Hay más cosas legítimas en el mundo. En España es legítimo retrasar un procedimiento, porque la ley lo permite. En Francia se ha juzgado a Strauss-Kahn en pocos meses. Aquí es impensable algo así.
En un país como Suiza en el que la democracia está muy arraigada, sus ciudadanos mantienen un sistema envidiable que convierte a su Estado en un legítimo delincuente, a partir de las leyes que protegen el secreto bancario. En Suiza están más protegidos los delincuentes extranjeros que evaden a las Haciendas de sus países que los estafados por esos delincuentes. Porque eso es parte del negocio, del PIB del país. Las comisiones rogatorias que ha enviado, por ejemplo, el juez del caso Gürtel han encontrado unos obstáculos que solo con enorme esfuerzo y mucho tiempo se van superando. Tuvo menos problemas Luis Bárcenas para que el banco que acogía sus 22 millones de euros, el Dresdner Bank, le comunicara que estaba siendo objeto de investigación, tres meses antes de que se pudieran escrutar sus cuentas. La última, el do de pecho de la justicia suiza, ha sido la de intentar denegar datos porque estaban en la famosa lista Falciani.

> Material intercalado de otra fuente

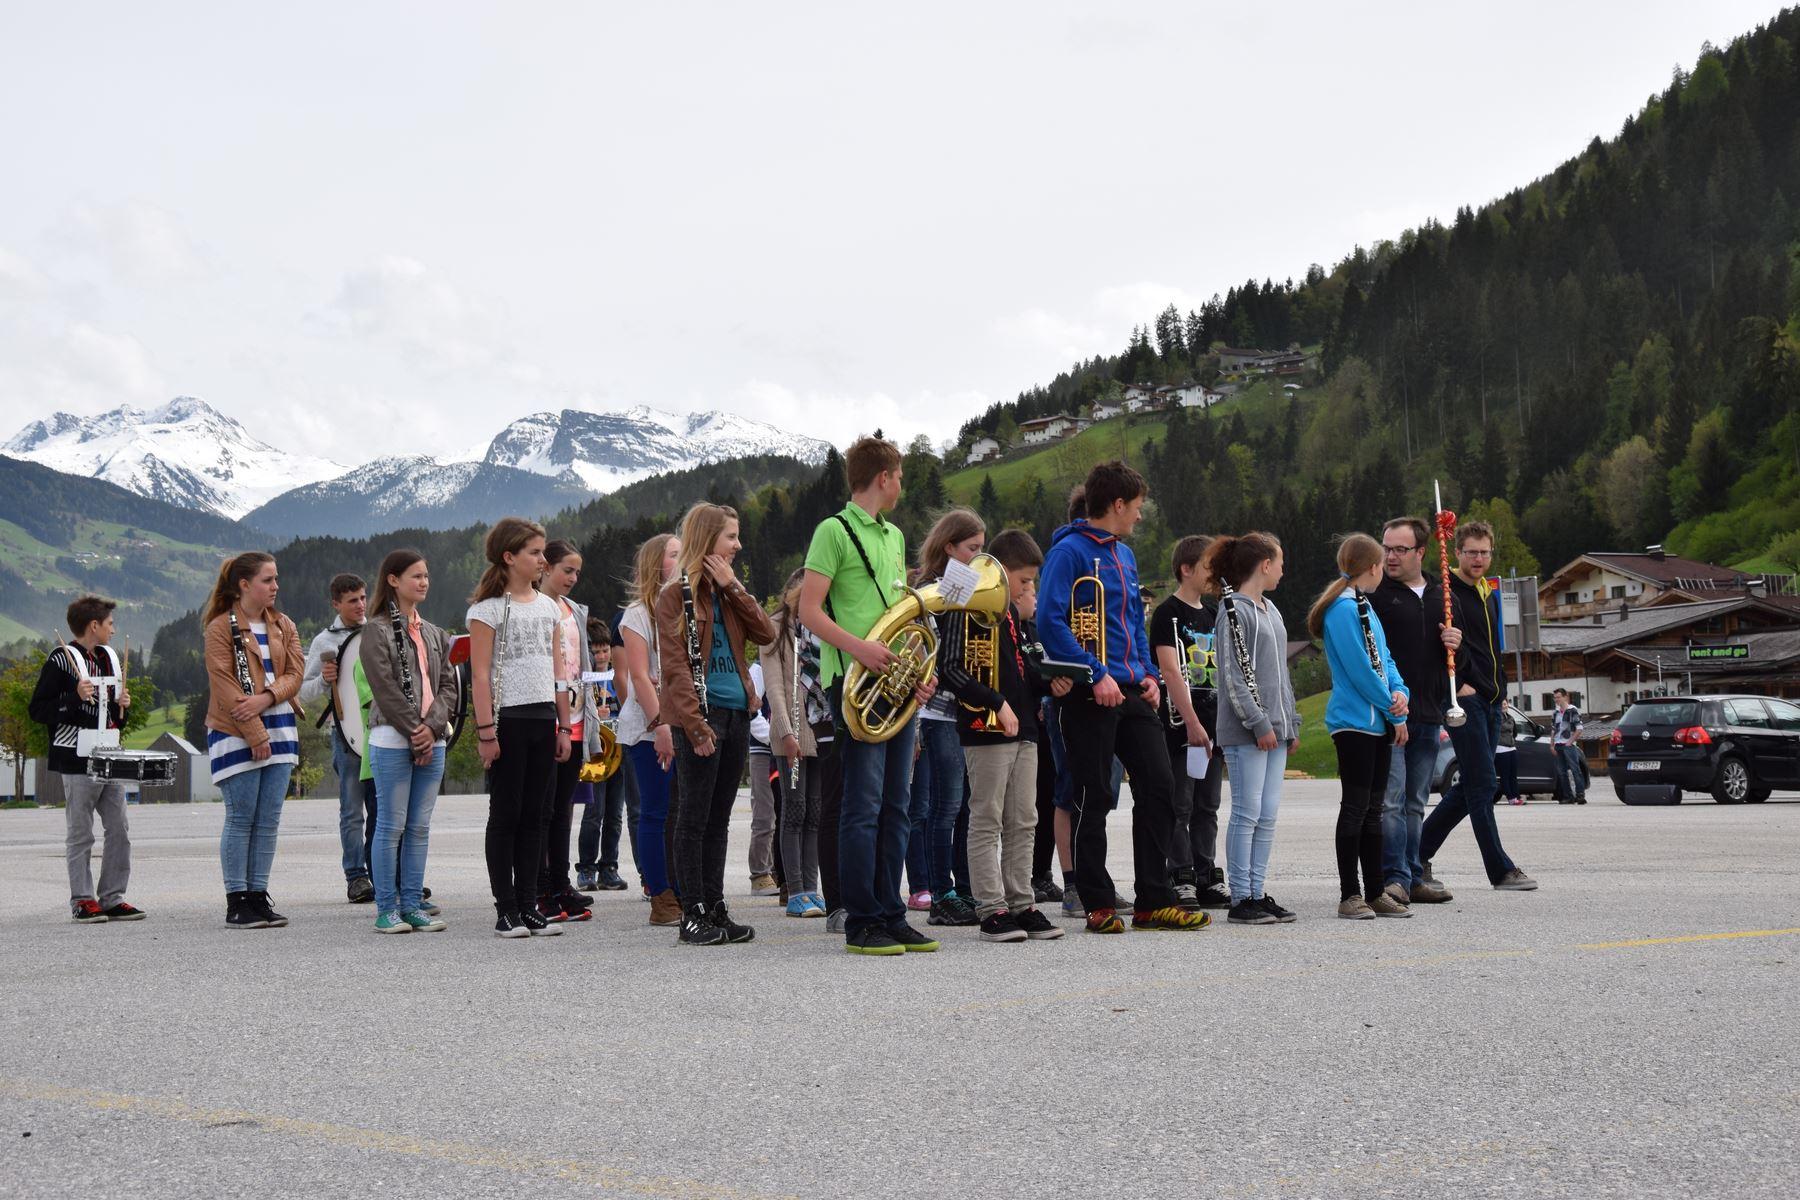 2015-05-02 Marschierprobe Jugend (20).jpg

Hace unos años, no tantos, salieron a la luz las complicidades de instituciones y ciudadanos suizos con los negocios fruto del llamado expolio nazi. Y eso los suizos lo permitieron, ejerciendo un derecho que resulta ejemplar por su transparencia.
Podemos ir también a la City londinense, donde se acuñó un feliz término, el de los PIGS, para referirse a los países donde se acumulaban los problemas financieros por culpa de una innata tendencia al golferío: Portugal, Irlanda, Grecia y España. Pig, por si alguien no lo sabe, significa cerdo, en inglés.
Ese apelativo cariñoso se lanzó desde el centro donde directivos de bancos tan honorables como Barclays, HSBC y algún otro pactaban, mientras tomaban algún que otro trago en una elegante cafetería o en el Blackfriars, los intereses para forrarse a costa de los clientes. Elegantes, con traje cruzado de rayas. Delincuentes de alcurnia, mal nacidos, puestos a definirles con precisión.
En ese tipo de cuevas es donde han encontrado refugio algunos tipos como Bárcenas, que parece ser que se va definiendo como el centro de la Gürtel, una red inmensa de blanqueo de dinero que ha gozado de la protección de un Estado cómplice de delincuentes como es el suizo y de elegantes redes de intereses cruzados como los que defiende el primer ministro inglés, David Cameron. Los privilegios de la City de Londres y la legislación sobre el secreto bancario de Suiza son buenos trozos de PIB.
¿El Partido Popular español también le ha protegido?
Pablo Ruz continúa con su tarea de indagación contra una maraña legítima, evitando incurrir en alguna práctica irregular que pudiera llevarle a ser aparcado del caso. Le vigilan mil ojos de abogados caros.
Antonio Pedreira ya no puede. Es posible que no pueda despertar de su sueño.